Importance of Each Tool

  • Wok or large skillet: A wide surface area allows for even cooking and prevents overcrowding.
  • Spatula or wooden spoon: Essential for stirring ingredients thoroughly and preventing sticking.
  • Cutting board: Provides a safe space to chop vegetables and chicken efficiently.
Easy

Ingredients

This is the best chicken fried rice recipe because it’s loaded with tender, savory chicken, fluffy rice, scrambled eggs, and crisp vegetables—all tossed together with butter, soy sauce, and sesame oil for that authentic hibachi flavor you crave!

For the Chicken Fried Rice

  • 1 ½ teaspoons sesame oil
  • 4 teaspoons neutral oil (like avocado or canola; 1 tablespoon + 1 teaspoon, divided)
  • Âľ pound chicken breasts (cut into very small pieces)
  • 5 tablespoons low-sodium soy sauce (divided)
  • 4 tablespoons butter (divided)
  • 2 teaspoons fresh lemon juice
  • Salt (to taste)
  • Pepper (to taste)

For the Vegetables

  • ½ cup diced white onion
  • 1 cup frozen mixed vegetables (peas, carrots)

For the Eggs and Rice

  • 2 large eggs
  • 4 cups cooked rice (cool to touch)

Optional Garnish

  • Sesame seeds (for garnish)

How to Make Easy Chicken Fried Rice (Restaurant-Style)

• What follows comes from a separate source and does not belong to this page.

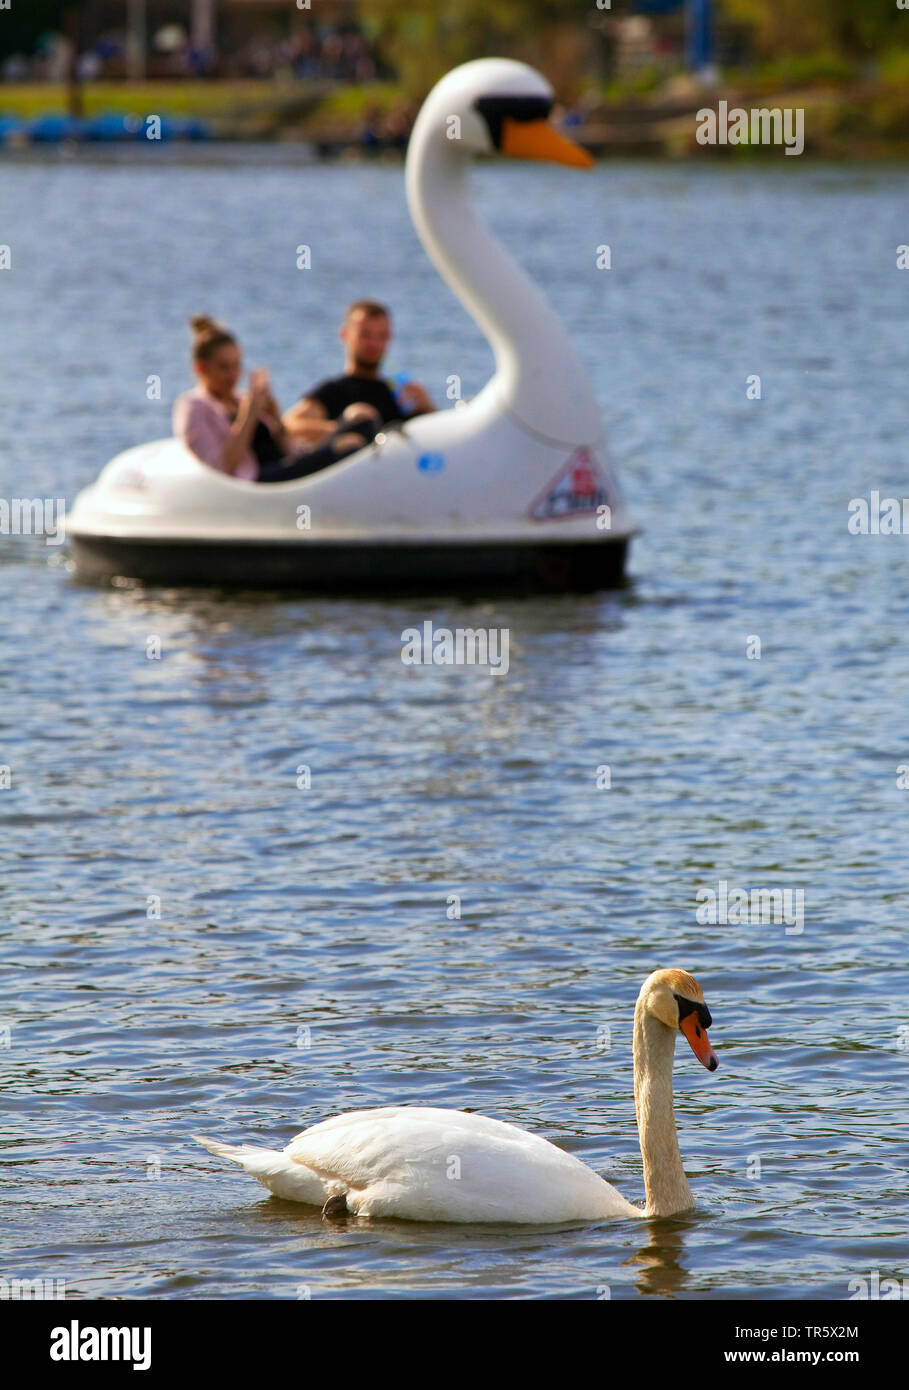 Mute swan (Cygnus olor), en avant d'un pédalo en forme de cygne sur le lac, l'Allemagne, l'Kemnade Rhénanie du Nord-Westphalie, région de la Ruhr, Bochum Banque D'Images
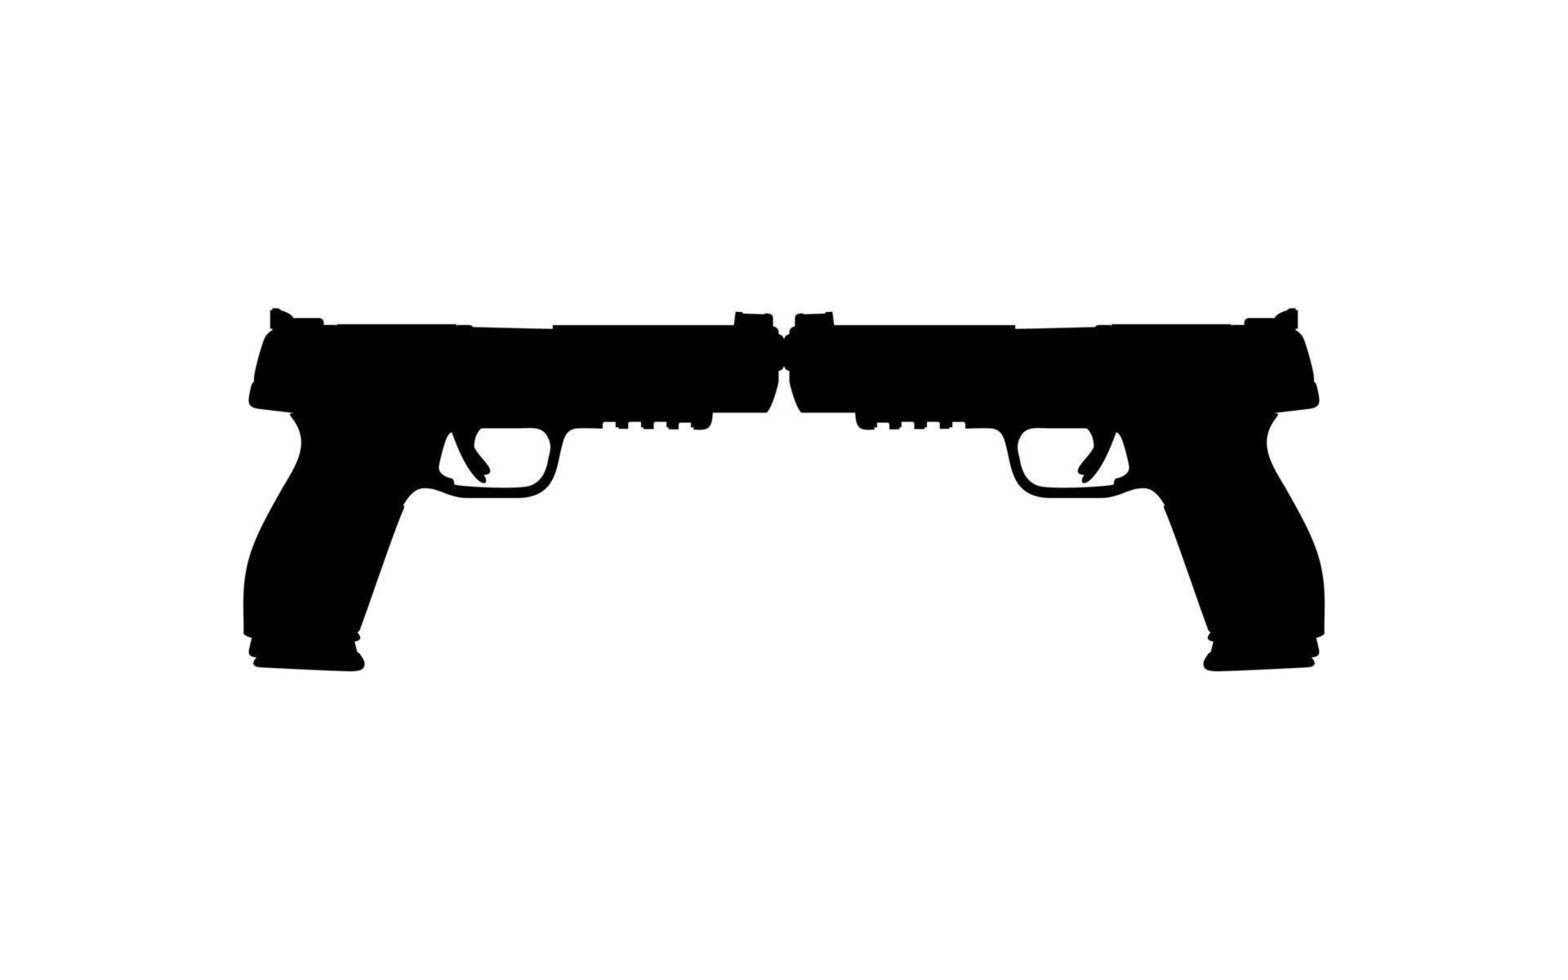 silhouette di pistola pistola per logo, pittogramma, arte illustrazione, sito web o grafico design elemento. vettore illustrazione

Step 1: Prepare Your Ingredients

First, gather all your ingredients. Cut the chicken into small pieces if you haven’t done so already. Dice the onion and measure out the mixed vegetables.

Step 2: Cook the Chicken

In your wok or skillet over medium-high heat:
1. Add 2 teaspoons of neutral oil.
2. Once hot, add the chicken pieces.
3. Season with salt and pepper.
4. Cook until browned and cooked through, about 5-7 minutes.
5. Remove chicken from the pan and set aside.

Step 3: Sauté Vegetables

In the same pan:
1. Add another teaspoon of neutral oil if needed.
2. Sauté diced onions until translucent.
3. Add frozen mixed vegetables and cook until tender.

Step 4: Scramble Eggs

Push the vegetables to one side of the pan:
1. Crack in the eggs on the other side.
2. Scramble them until fully cooked before mixing them with veggies.

Step 5: Combine Ingredients

Add back in the cooked chicken:
1. Pour in remaining soy sauce along with sesame oil.
2. Stir well to combine all ingredients evenly.

Step 6: Add Cooked Rice

Finally:
1. Add cooled cooked rice to the mixture.
2. Stir thoroughly to coat all grains with soy sauce mixture.
3. Adjust seasoning with lemon juice as needed before serving.

Enjoy your homemade Easy Chicken Fried Rice!

How to Serve Easy Chicken Fried Rice (Restaurant-Style)

Serving Easy Chicken Fried Rice is simple and versatile. This dish complements various sides and garnishes, making it perfect for any occasion. Here are some great serving suggestions to elevate your meal.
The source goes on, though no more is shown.